If you’ve done it correctly you should now be able to warp to your target site. In this case, it is a wormhole.

I suggest bookmarking your find and making sure you have everything, such as a large group of friends before proceeding. When you decide to go in, operate it just like a jump gate. If it is W-space you will see this pop up:

If you are leaving probes behind you will also get this pop up:

Troubleshooting:
Here are some examples of common mistakes to help you figure out what you are doing wrong and how to fix it.

Example 1, The Useless Red (or Yellow) dot:
In this picture (taken from the eve online forum and cleaned up), was taken by a pilot who found a signal and appears to have gotten fairly close to it, but notice that the indicator dot is Red, this means that signal strength is not 100%. As you can see he has his probes set to .25 au, but the distance shows .866 au. This is an obvious example of distance deviation.

If your signal is under 100%, you will have a dot that is Yellow (mid strength) or Red (weak) and there will be distance deviation.

If this is happening to you, it means that:
Your signal is not where the dot says it is!!!

Simply put, the indicator is giving a false positive. To correct this, take one of your probes (or launch a 5th) and put it exactly on top of your misleading indicator dot, set the range high enough to cover the cubes of all of your other probes and rescan. If you do not get a better indicator with the other probes, you might want to expand your central probe to overlap all 4 probes entirely and deactivate them to clear the clutter of extra results and start over from this position until you reach 100% signal strength.
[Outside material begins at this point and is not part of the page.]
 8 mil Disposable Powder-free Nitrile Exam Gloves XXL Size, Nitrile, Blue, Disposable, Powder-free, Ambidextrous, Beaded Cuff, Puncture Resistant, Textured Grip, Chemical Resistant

Remember, if your skills and equipment are sub-par you might not be able to hit 100% with some signals.

You might also run into this problem if you use Deep Space probes to pin down the approximate location because of the weaker strength and increased deviation compared to core probes. If you get good at this, it could potentially be a lot faster way for you to zero in your first core probe to a reasonable strength/range in big systems, but you need Astrometrics V to do it.
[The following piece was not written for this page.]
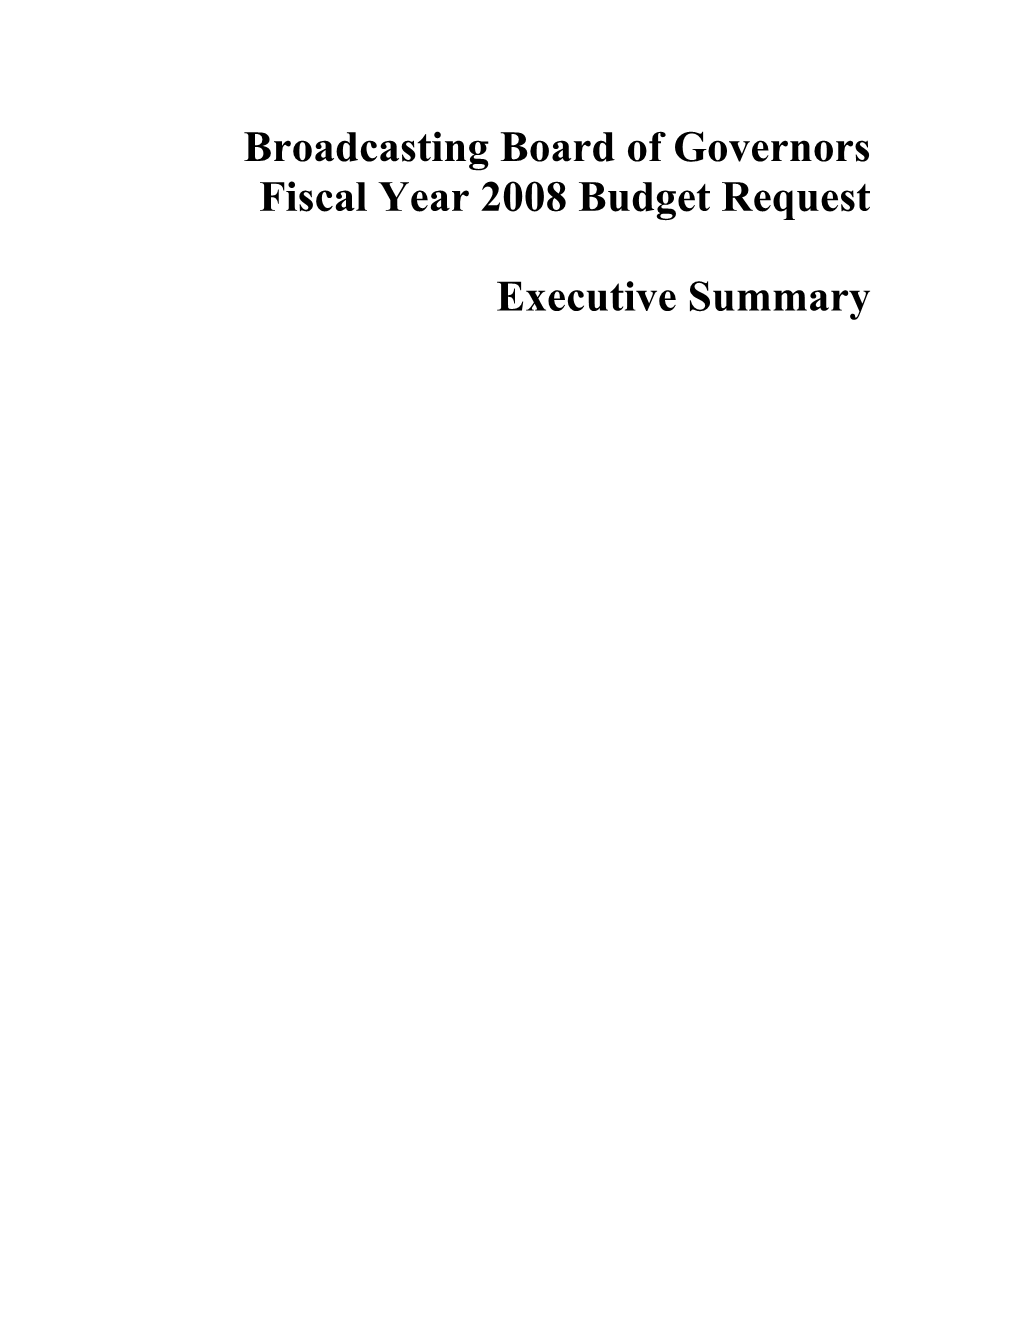 Broadcasting Board of Governors Fiscal Year 2008 Budget Request

Example 2, I cannot get any closer:
You only need enough overlap to adequately cover the indicator area, make sure your probes are not all jumbled together. This is a problem because the devs have coded a countermeasure into the probing system to keep people from just dropping a big pile of probes in one spot and spamming the results. This countermeasure will kick in if your probes are spaced at an angle less than approximately 1 radian (57 degrees) from each other, so if your probes are too close together (as in this example) you will get separate hits for each probe in the scan results instead of the single warpable hit that you want. To correct this, always place your probes in such a way that their control cubes do not overlap and try to keep your angles at greater than 60 degrees (that of a triangle or tetrahedron) or better yet stick to the square probe formation (90 degrees) outlined in this guide and you should not have this problem.